■ **Provided data**:

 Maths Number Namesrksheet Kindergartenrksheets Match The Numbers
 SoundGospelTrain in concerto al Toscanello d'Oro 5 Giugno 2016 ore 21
* * *
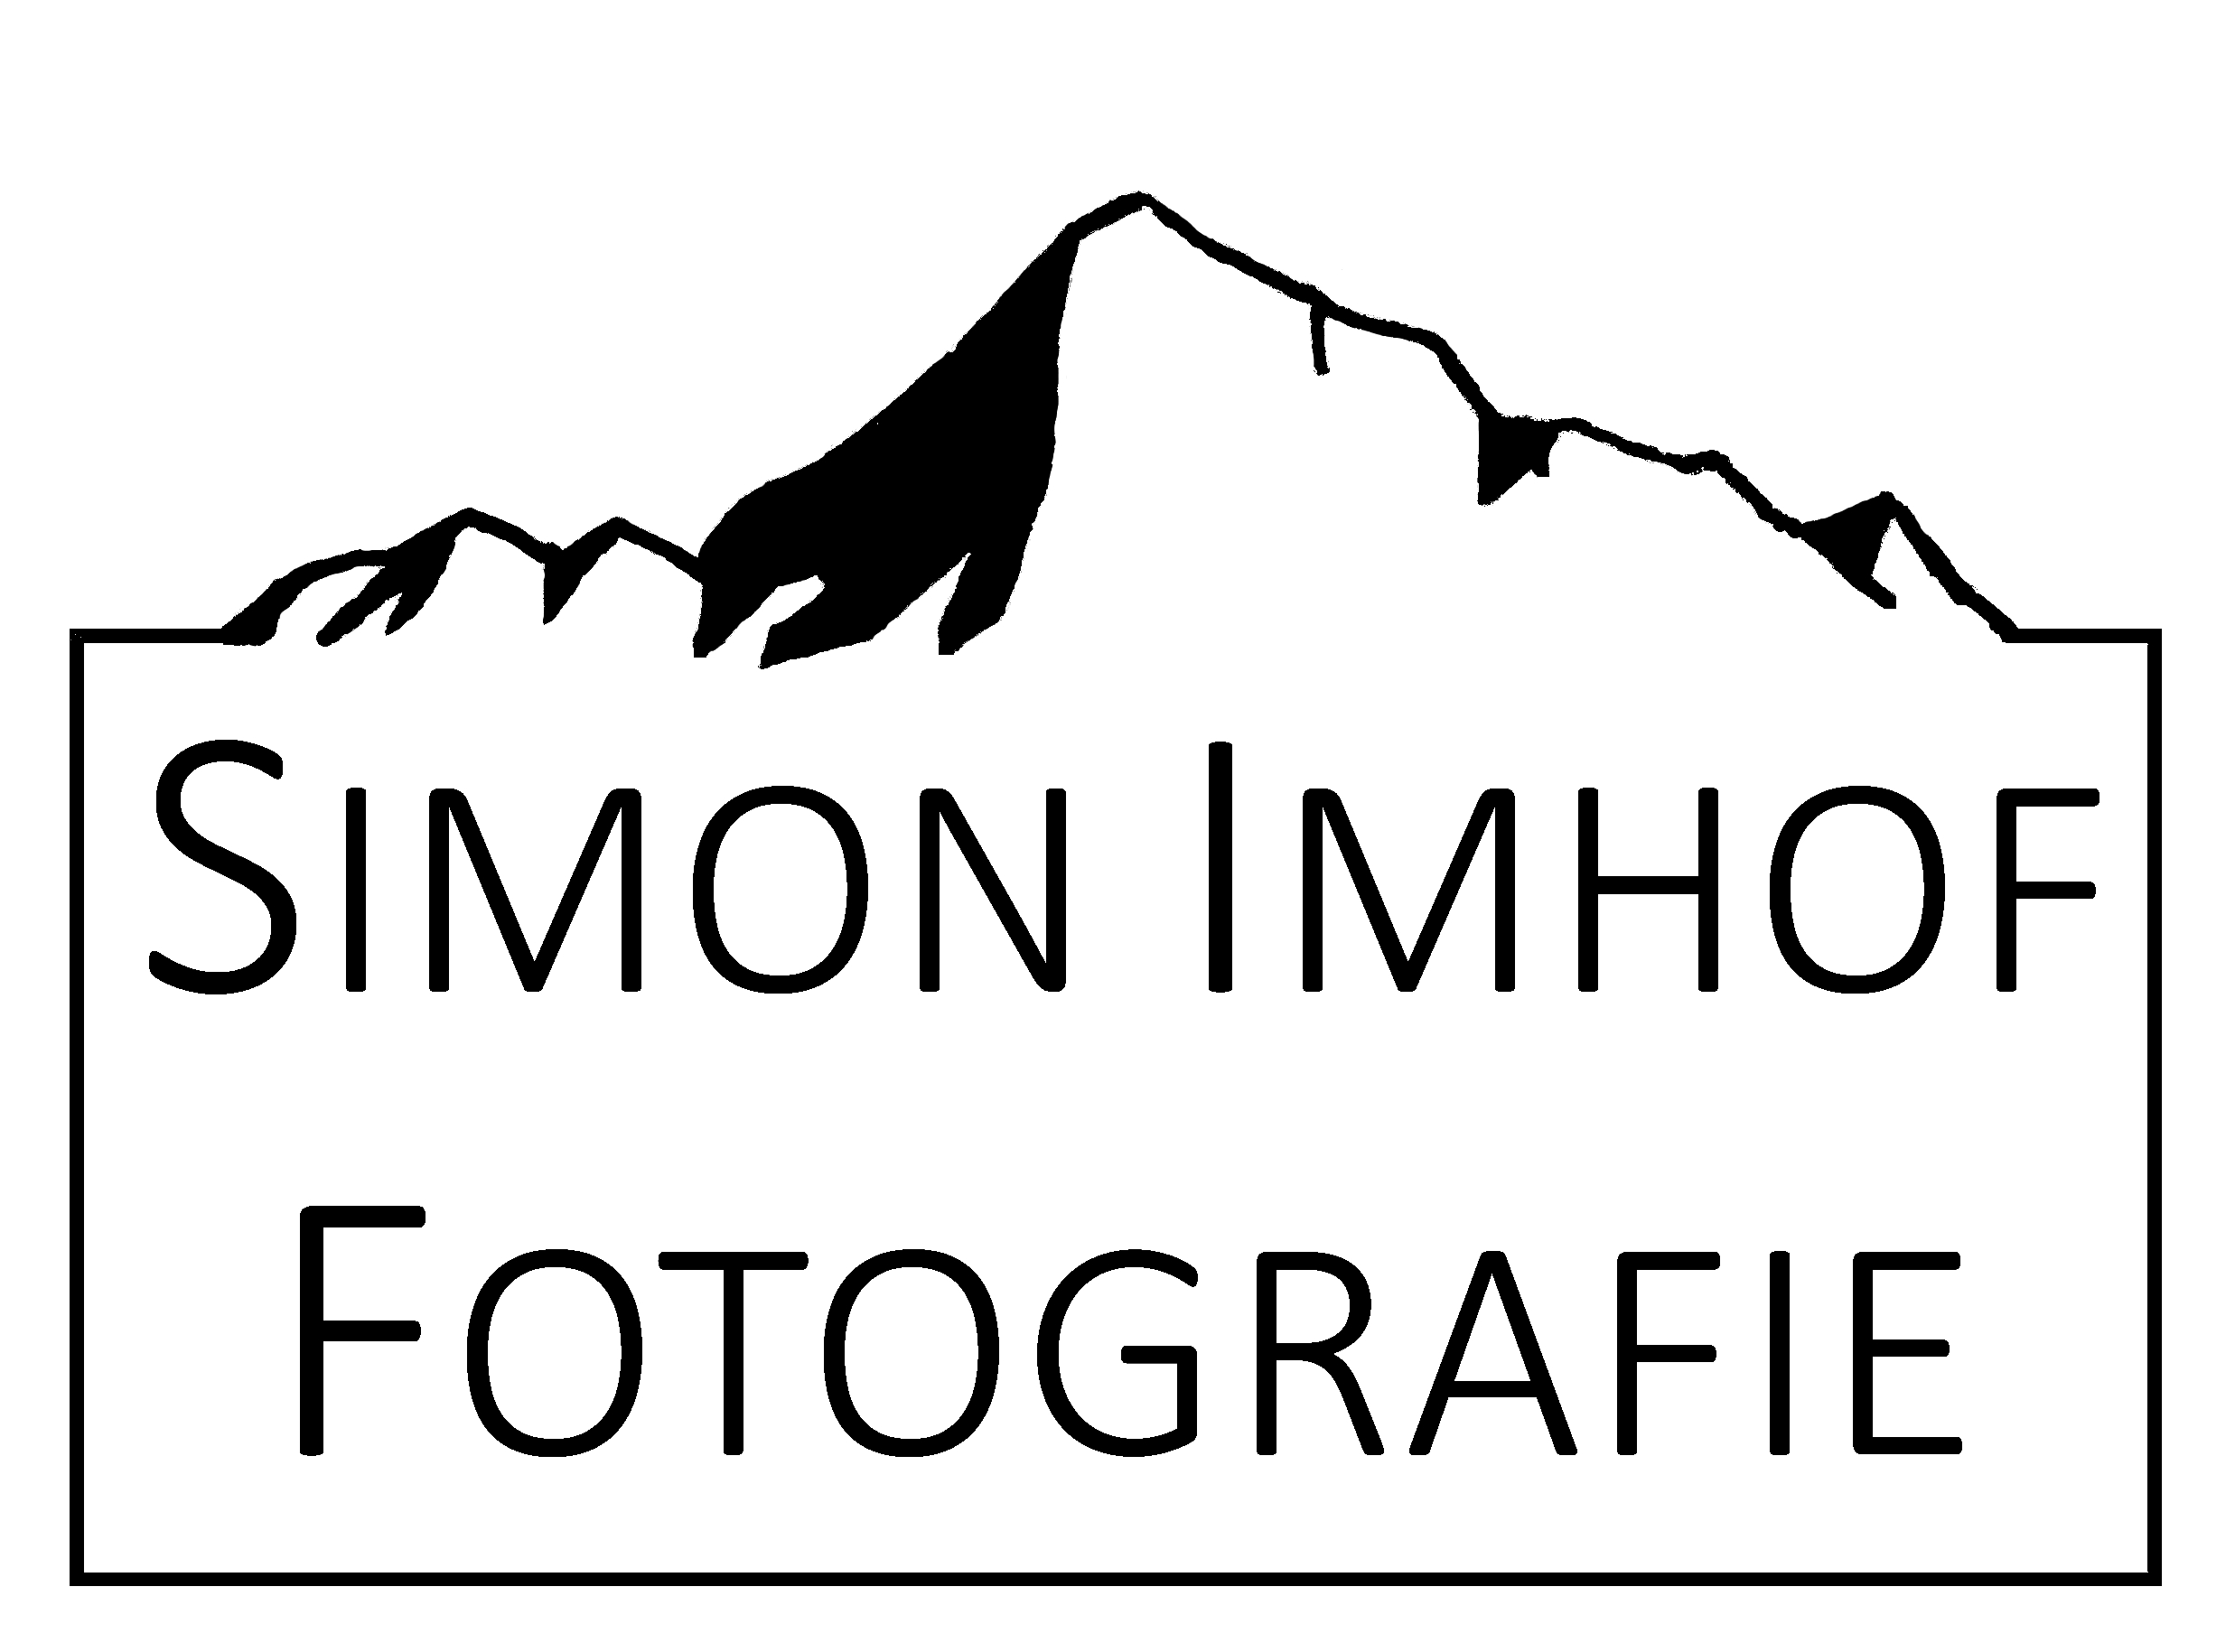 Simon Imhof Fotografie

■ **Task goal**: Above this task is a listing. Restate, word for word and with nothing added, the lines from the one with "Maths Number Namesrksheet" through the one with "SoundGospelTrain in concerto".

■ **Solution to the problem**:
 Maths Number Namesrksheet Kindergartenrksheets Match The Numbers
 SoundGospelTrain in concerto al Toscanello d'Oro 5 Giugno 2016 ore 21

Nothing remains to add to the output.